* What to produce:
Below this line is a listing that includes pictures. Copy exactly, and only, the lines from the one containing "A Pair Of Pearl" through the one containing "Pearl size: 14.6"; the pictures do not go in the copy.

* Data to examine:
■ ■ ■ ■ ■ ■ ■

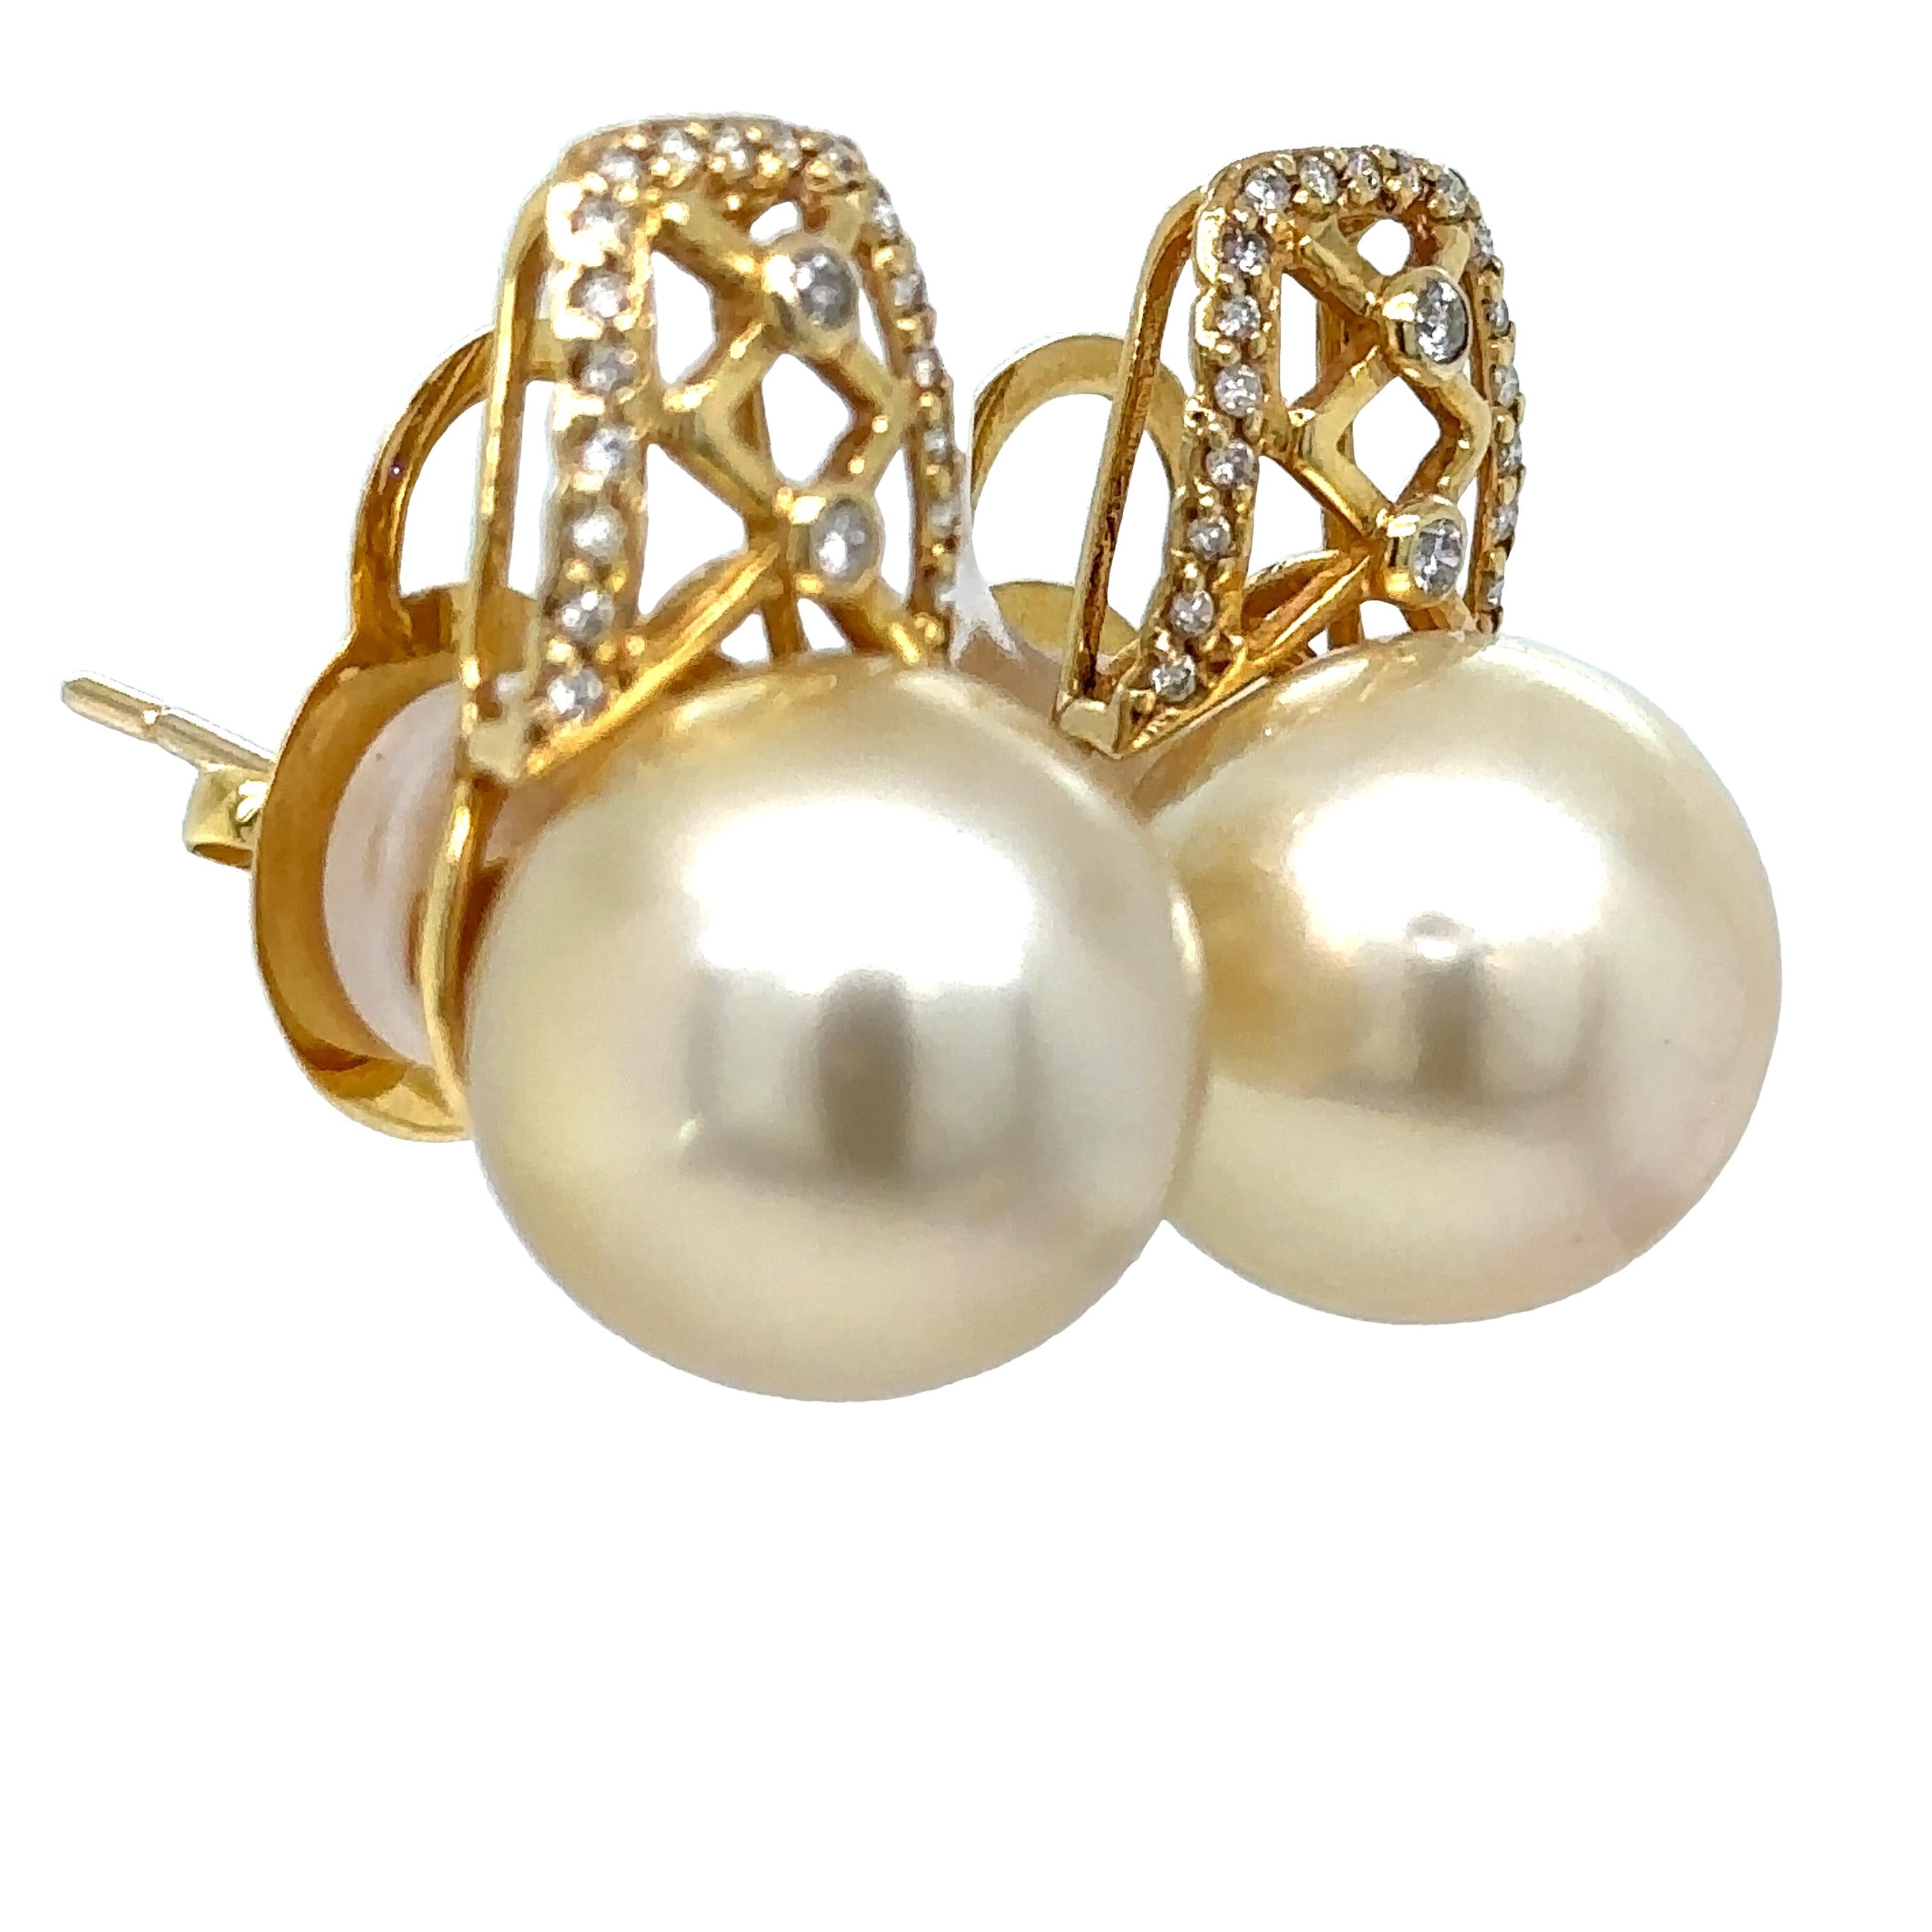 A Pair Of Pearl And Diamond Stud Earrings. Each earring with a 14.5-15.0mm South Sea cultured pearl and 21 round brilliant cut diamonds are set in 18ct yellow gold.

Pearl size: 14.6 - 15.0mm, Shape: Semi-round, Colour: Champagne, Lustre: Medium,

■ ■ ■ ■ ■ ■ ■

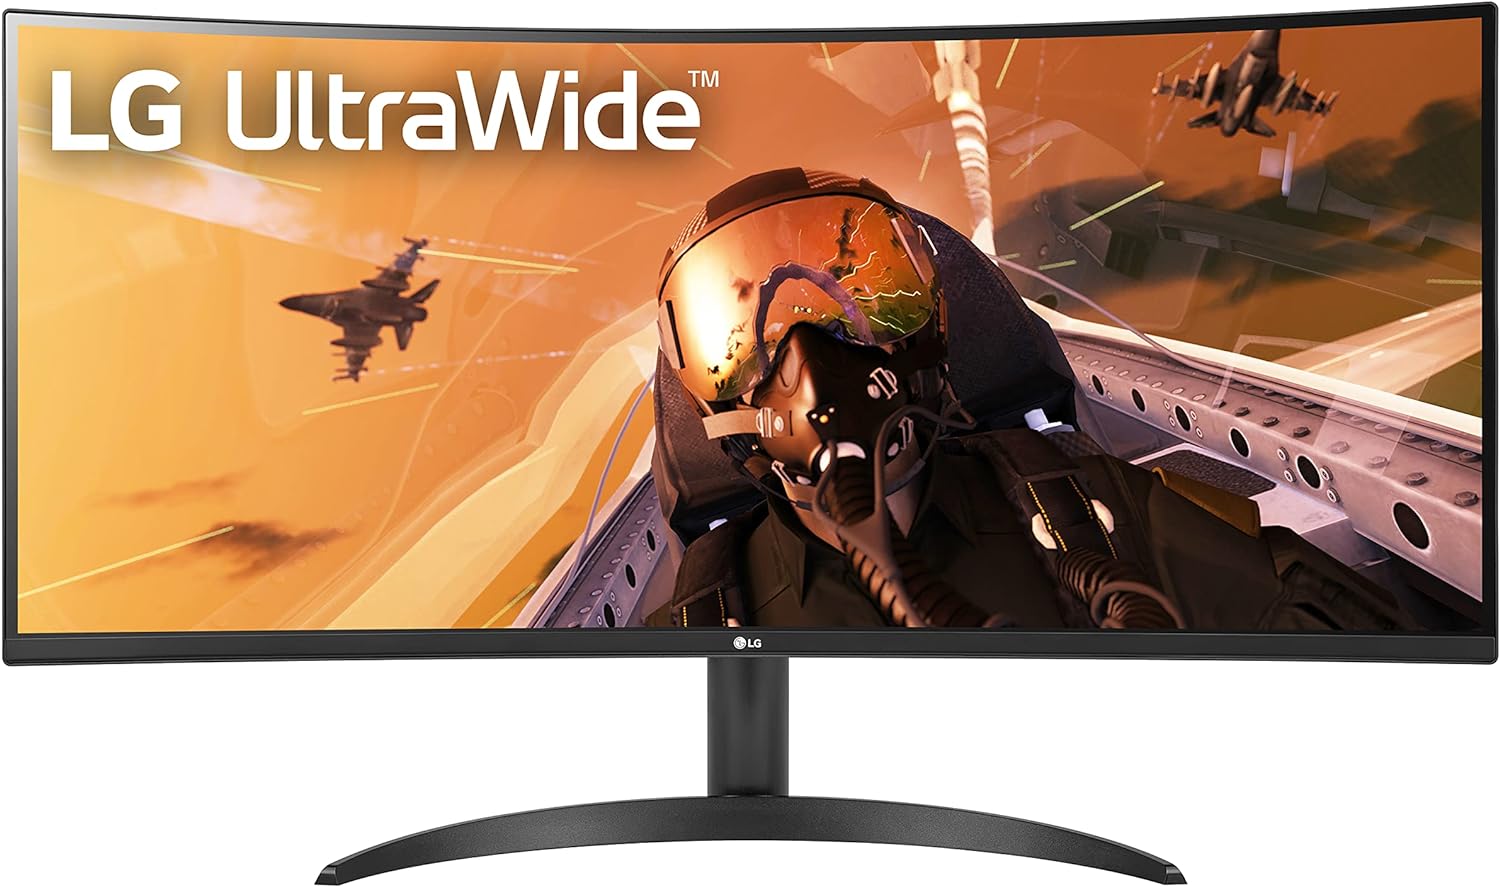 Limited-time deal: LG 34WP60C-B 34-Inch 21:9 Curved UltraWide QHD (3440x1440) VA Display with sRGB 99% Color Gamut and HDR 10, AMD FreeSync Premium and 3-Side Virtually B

■ ■ ■ ■ ■ ■ ■

* Exercise output:
 A Pair Of Pearl And Diamond Stud Earrings. Each earring with a 14.5-15.0mm South Sea cultured pearl and 21 round brilliant cut diamonds are set in 18ct yellow gold.

Pearl size: 14.6 - 15.0mm, Shape: Semi-round, Colour: Champagne, Lustre: Medium,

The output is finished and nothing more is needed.